5.6 Estimation of the Experimental Variation
In the previous section, and in Tables 5.6, 5.9, and 5.10, we saw standard errors for the component effects. These standard errors measure the uncertainty in the estimates of the component effects and are used to construct confidence limits and tests of significance for the component effects. The effect standard errors are a function of the standard deviation of the experimental variation--i.e., experimental error or noise. In screening experiments, we are interested in detecting large effects—those effects that are perhaps five or six times the experimental error. Precise estimates of component effects and an accurate estimate of experimental error are, therefore, of less importance in screening experiments than in response surface experiments as discussed in Chapter 4. We noted earlier that in most instances the results of a screening experiment can be determined by simply ranking the absolute values of the component effects. An estimate of experimental error will be needed, however, if it is of interest to compute confidence limits for the component coefficients and effects.
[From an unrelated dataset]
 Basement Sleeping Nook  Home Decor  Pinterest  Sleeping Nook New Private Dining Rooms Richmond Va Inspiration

To obtain an estimate of the experimental error, use one of the following options:
• Replicate five to ten blends in the design. It is good experimental practice to replicate the overall centroid since it lies on each component axis.
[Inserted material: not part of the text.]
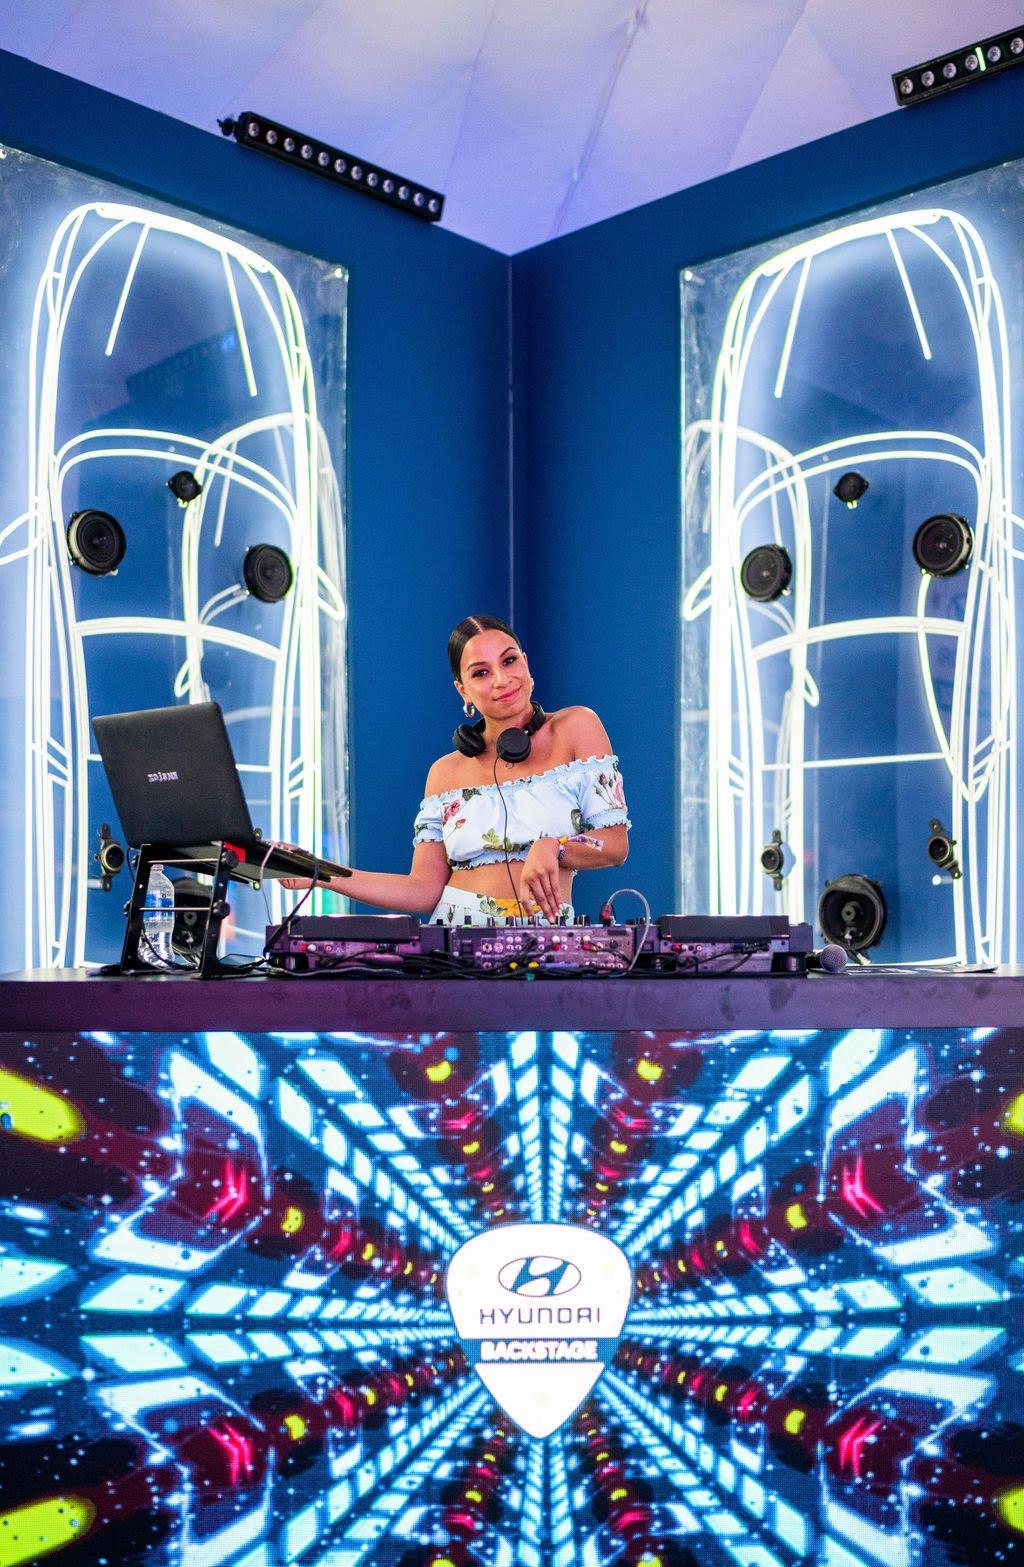 lightup DJ booth

• Use the estimate of experimental variation obtained in previous studies of the system.
• Use the regression analysis residual mean square error.
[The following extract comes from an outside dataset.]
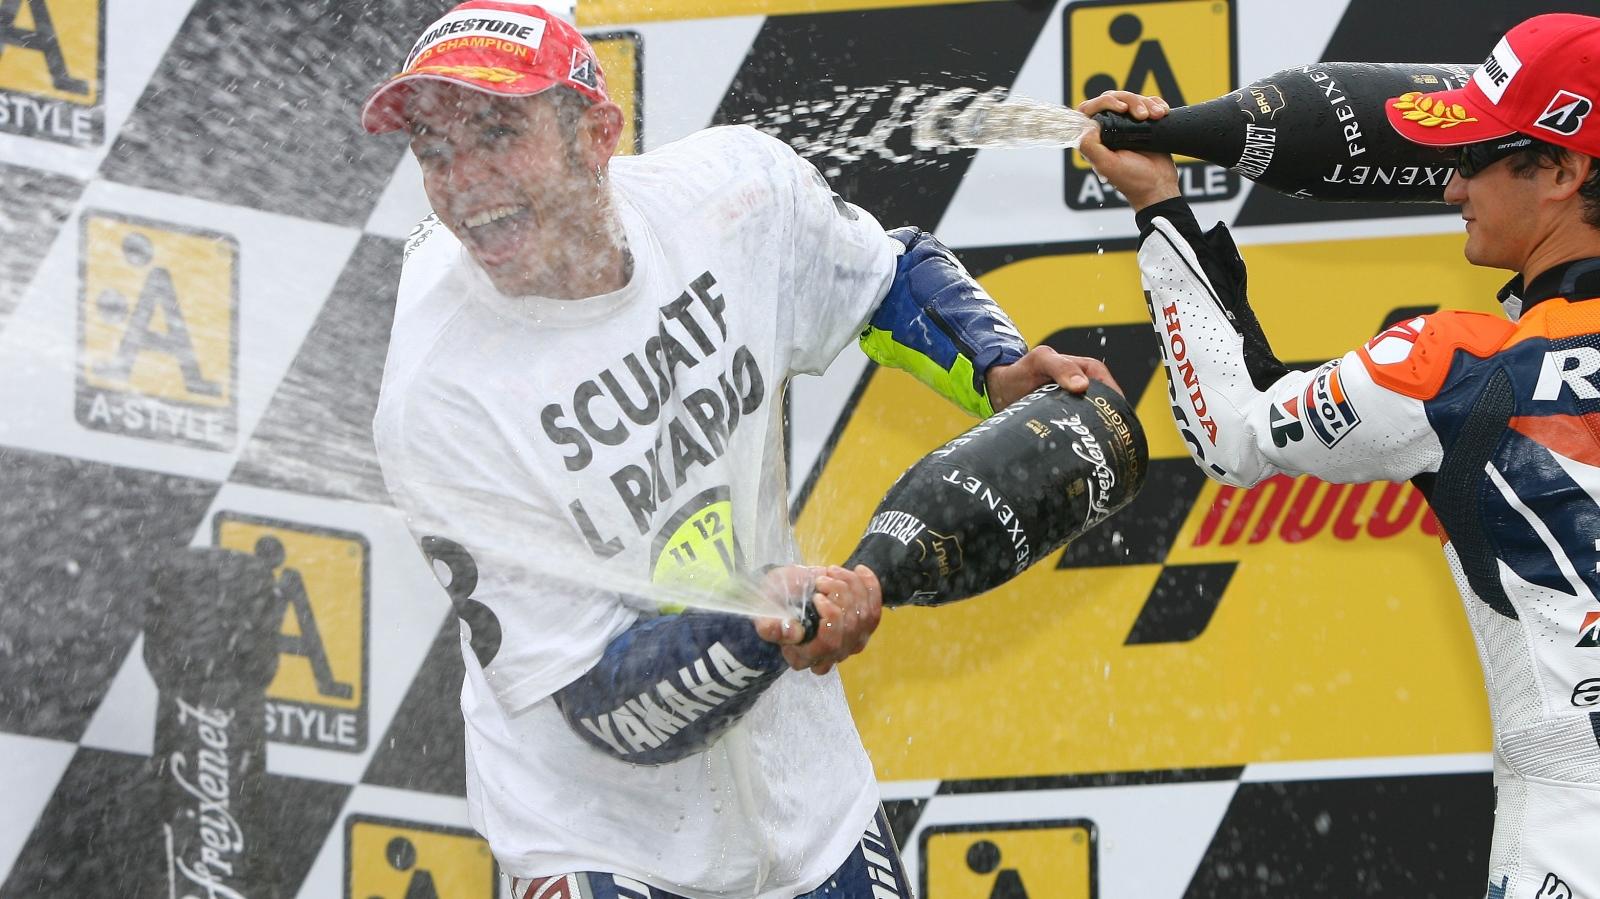 25 años Valentino Rossi: 2008 – Campeón MotoGP – Yamaha YZR-M1 / Fiat Yamaha Team

One should keep in mind that this last approach will overestimate the experimental variation if the response surface contains much curvature. The graphical analysis should indicate whether a linear blending model will give an adequate approximation to the response surface or if there is noteworthy curvature.
5.7 Summary and Looking Forward
Following the experimental strategy introduced in Chapter 2, we used screening experiments to identify the components that have the largest effects. These components are subsequently studied in optimization experiments to identify the best formulations. In this chapter, we introduced the concepts used to screen formulation components and discussed screening designs for the situation in which the experimental region is the full simplex (all components can be varied over the range 0 to 100%). Formulation experiments in which the components have constraints or are varied over different ranges will be discussed in Chapters 6, 7, and 8. In the next chapter we discuss the general problem of constrained formulations, including the identification of the usable experimental region, and the potential usage of pseudo-components.
5.8 References
Cox, D. R. (1971) “A Note on Polynomial Response Functions for Mixtures.” Biometrika, 58 (1), 155-159.
Kurotori, I. S. (1966) “Experiments with Mixtures of Components Having Lower Bounds.” Industrial Quality Control, 22 (11), May 1966, 592-596.
Lewis, G. A., D. Mathieu and R. Phan-Tan-Luu. (1999) Pharmaceutical Experimental Design, Marcel Dekker, New York, NY.
Snee, R. D. (1975) “Discussion of: ‘The use of gradients to aid in the interpretation of mixture response surfaces’.” Technometrics. 17 (4), 425-430.
Snee, R. D. and D. W. Marquardt. (1976) “Screening Concepts and Designs for Experiments with Mixtures.” Technometrics, 18 (1), 19-29.
Snee, R.D. (2011) “Understanding Formulation Systems-A Six Sigma Approach.” Quality Engineering, 23 (3), 278-286.
Snee, R.D. and G.F. Piepel. (2013) “Assessing Component Effects in Formulation Systems.” Quality Engineering, 25 (1), 46-53.